As we drew nearer to Ravencrest, our narrow dirt road merged into other tracks, becoming a wider, well-worn route scored deep with ruts from years of wagons and boots. There were more travellers now — merchants with pack animals, farmers in creaking carts, a few armed riders moving with the easy confidence of people who knew the roads. Hardly anyone spared us a second glance. If anything, the sight of bound captives being marched toward the city seemed… ordinary. Common enough to fade into background noise.
By the time the walls came into view, the day had already gone thin and dark, as if dusk were impatient.

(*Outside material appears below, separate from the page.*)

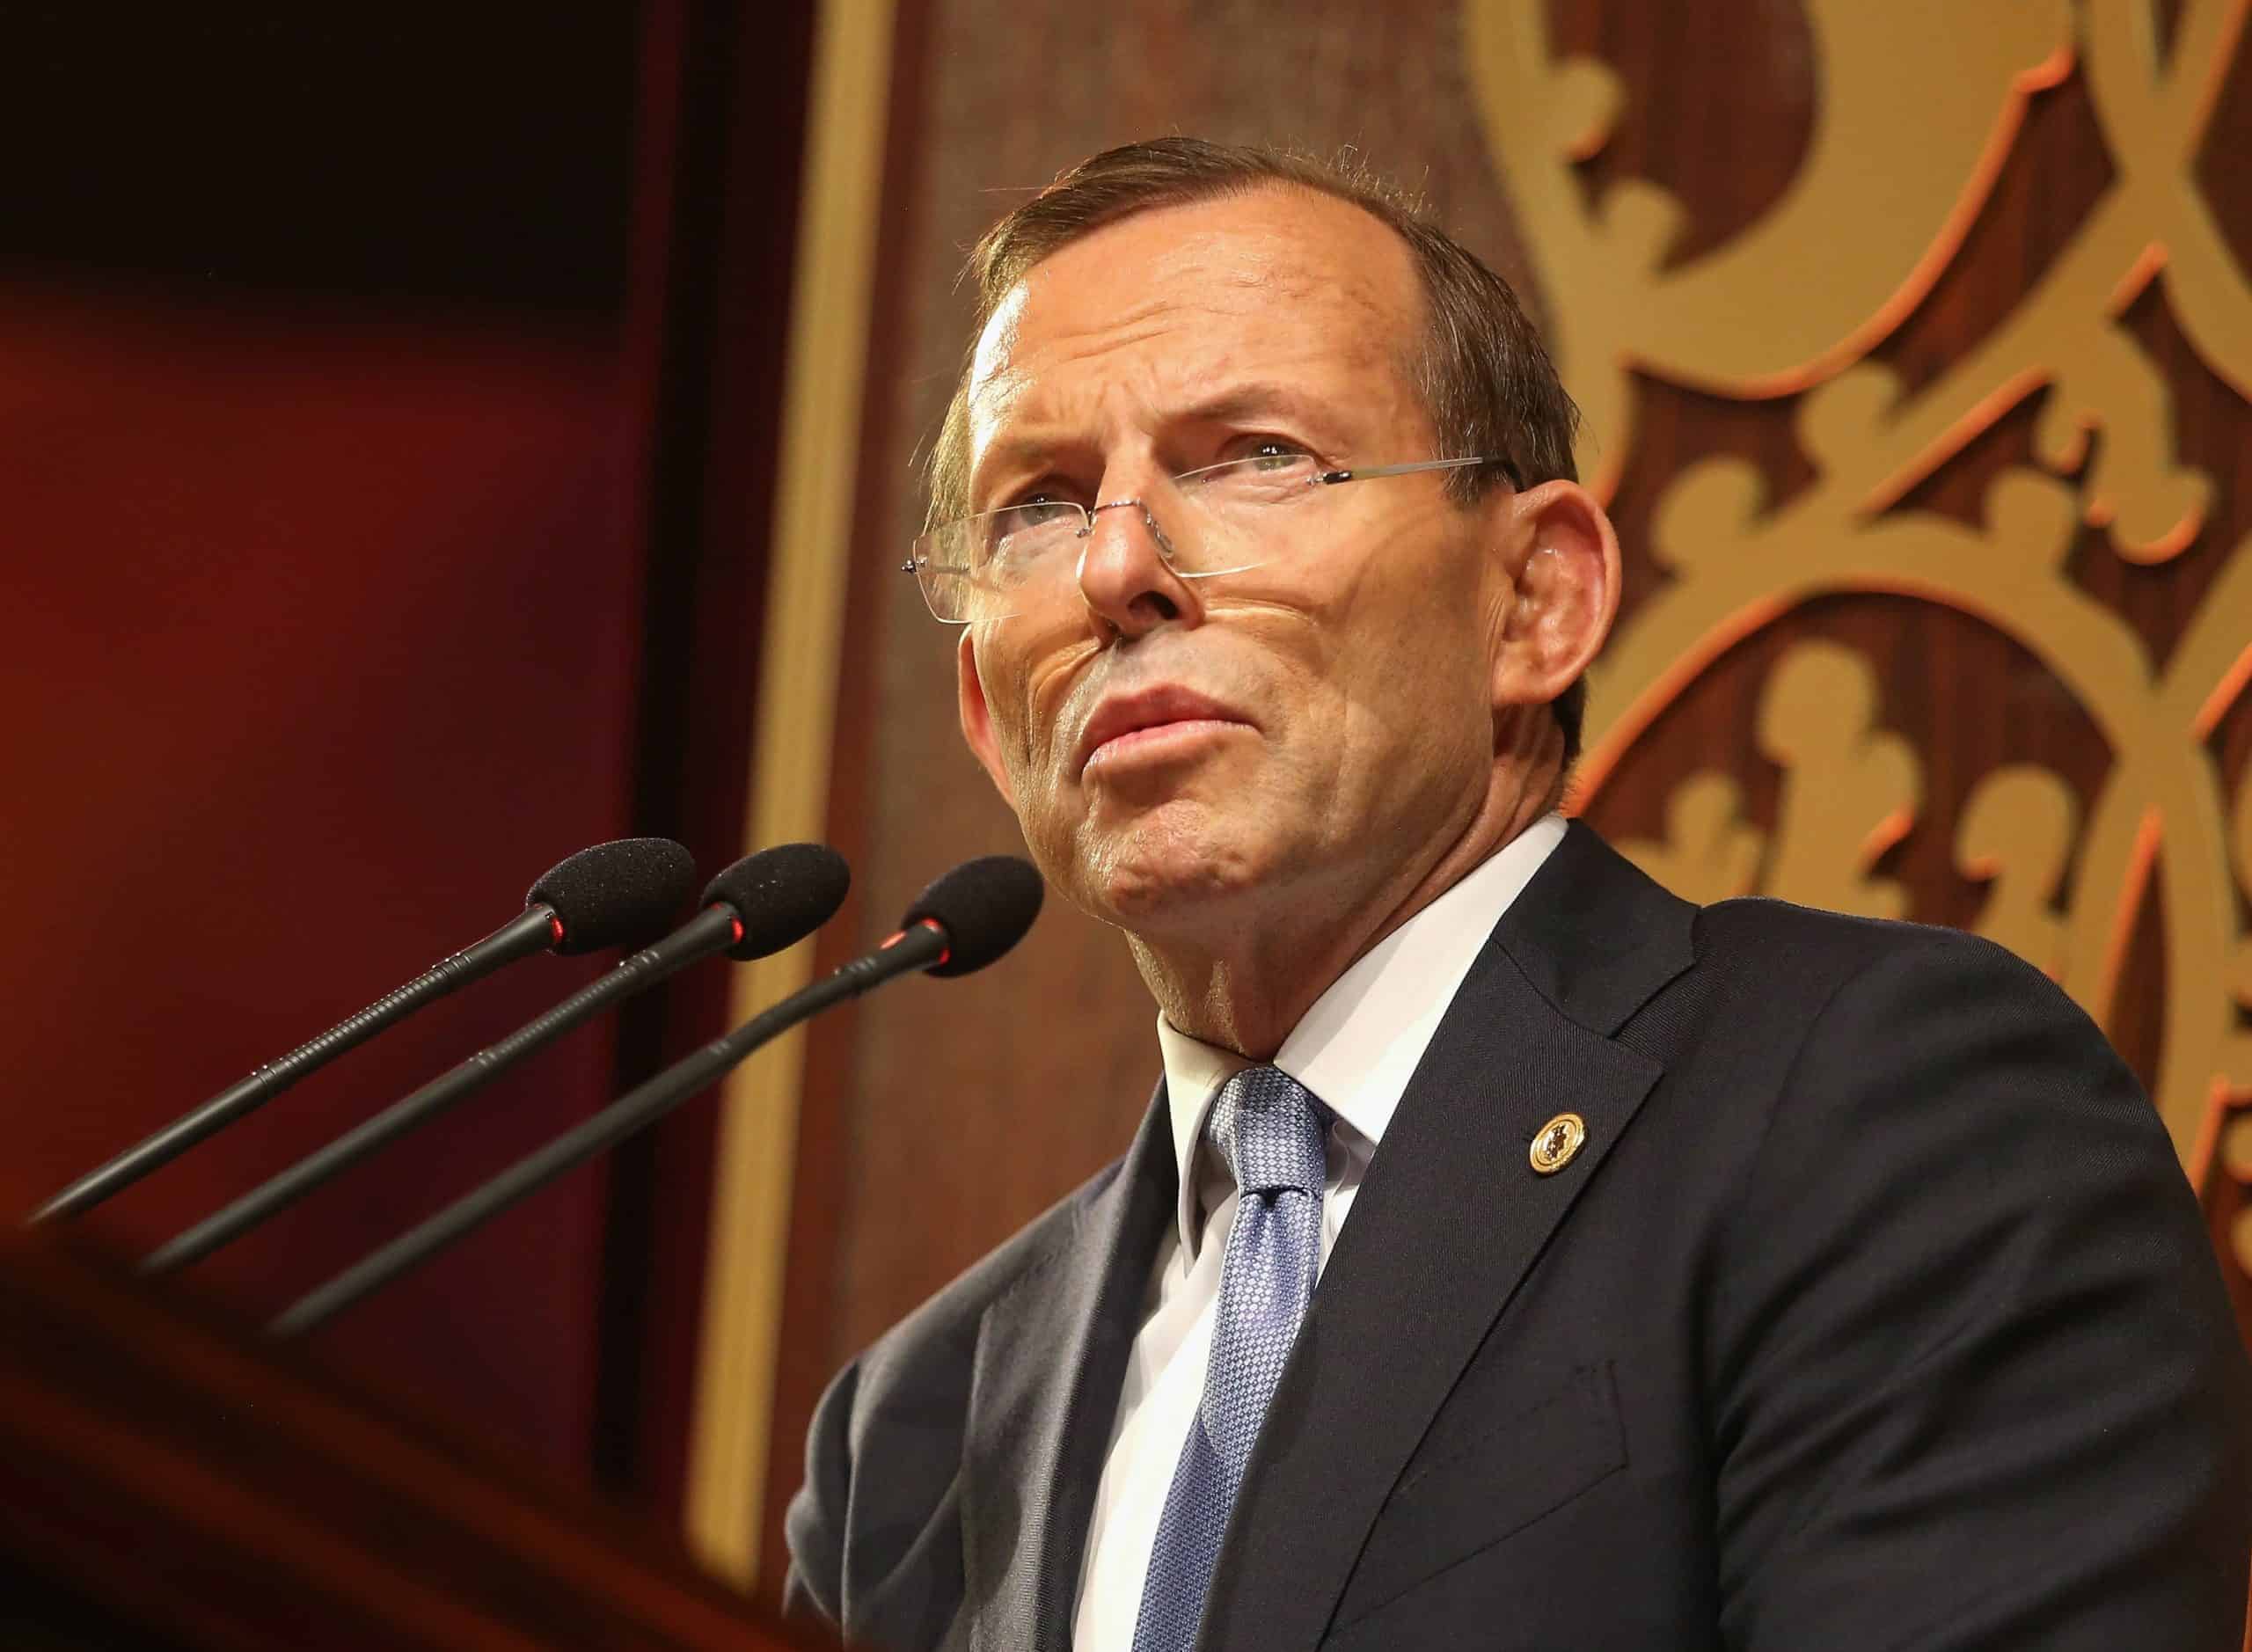 Abbott trade job sparks conflict of interest claims in Australia

High stone walls rose out of the grey evening ahead of us. A large gate cut through them like a dark mouth, iron-banded and flanked by watchtowers. A weathered sign stood beside the road, painted in bold black letters:
RAVENCREST
Two guards waited at the gate, spears resting against their shoulders. We approached, the captives stumbling in front of us.

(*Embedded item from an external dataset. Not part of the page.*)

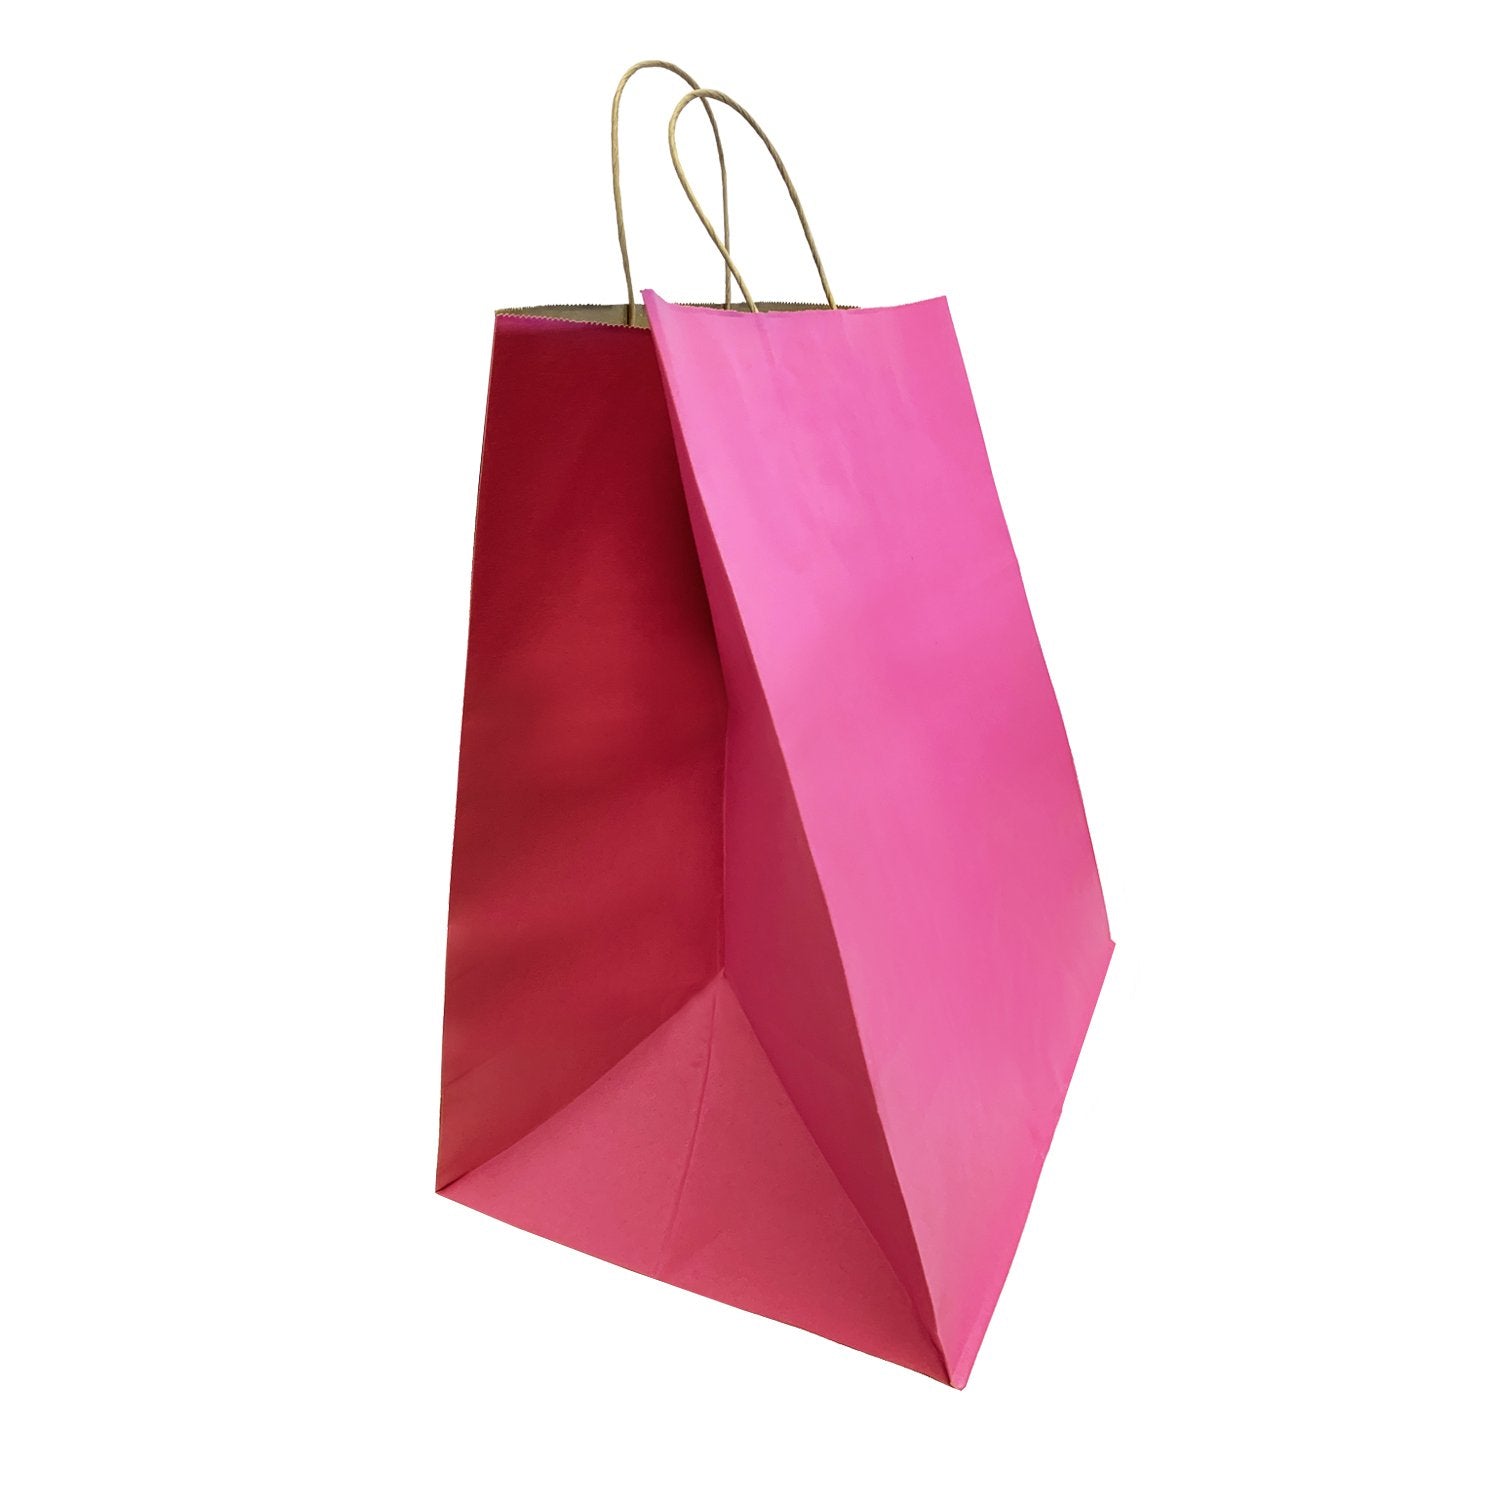 200 Pcs, Super Royal, 14x10x15.75 inches, Pink Kraft Paper Bags, with Twisted Handle

“Evening,” I said, forcing my tone into something neutral. “We caught some bandits who tried to ambush us on the road from Holver.. We’d like to claim the bounties.”
One guard gave the prisoners a quick once-over, unimpressed.
“Sure. You have a pass?”
“No,” I said. “Do I need one?”
“Not if you’re paying entry.” He jerked his chin toward a small toll box beside the gate. “Five copper each without a pass.”
I dug into my purse and pulled out one of the silver coins I’d taken as payment after rescuing Illara. I handed it over.
The guard glanced at the coin, weighed it in his palm, then nodded and waved us through. “For the bounties, take them to the guardhouse there.”
He pointed to a squat stone building built into the inner wall, its narrow windows barred and dark.
“Thanks,” I said.
We marched the captives across the threshold into the city’s shadow, then over to the guardhouse. The door was thick oak, reinforced with iron strips, the kind made to hold against desperate people. I knocked.
From inside came the scrape of bolts. The door opened a handspan.
A thin man with weary eyes looked us up and down, then at the bandits, and sighed like this was the hundredth time he’d done it this week.
“Outlaw delivery?”
“Yes,” I said. “Picked them up in the woods on the way from Holver.”
He grunted and disappeared inside, returning a moment later with a heavy ledger stamped BOUNTIES across the cover. He flipped through it slowly, lips moving as he read descriptions, then compared them to the three bound men.
After a stretch of silence he said, “Not in the book. Standard rate, then — one silver per bandit.”
No room for haggling. I passed the rope to him. He opened a small lockbox set into the wall and counted out three silver coins into my hand. Then he wrote a receipt, slid it toward me, and pointed.
“Sign there.”
I did. He tucked the paper away, already turning back toward the prisoners.
“We’re done here. Thanks for your service.”
Illara’s face had gone tight and dark, the kind of expression she wore when she was trying not to let something spill out.
We walked away down the stone lane toward the inner streets. After a few steps she spoke, quiet but blunt.
“I don’t like the idea of selling people.”
“We’re not selling them,” I said automatically — and even to my own ears it sounded like an excuse. “We’re being paid for capturing them. There’s a difference.”
It didn’t quite ease the guilt in my chest. I didn’t say that part out loud.
I cleared my throat and gestured ahead as the city opened around us — a sprawl of slate roofs and chimneys, damp cobbles shining under the overcast sky.
“Anyway. How about we find an inn? I’d rather like a bath and a soft bed tonight.”
Illara brightened immediately at that, like the suggestion had reached a part of her that was still able to want simple comforts.
“Yes,” she said, with a small, tired spark of enthusiasm. “Please.”
The streets swallowed us quickly — wet stone, woodsmoke, the press of strangers, and a hundred voices I couldn’t place. Ravencrest felt nothing like Holver. Here, no one knew our names, and no one cared what we’d done to earn the coin in my purse.
Illara stayed close at my side anyway.
“Let’s find that inn,” I said, and steered us into the crowd before either of us could change our minds.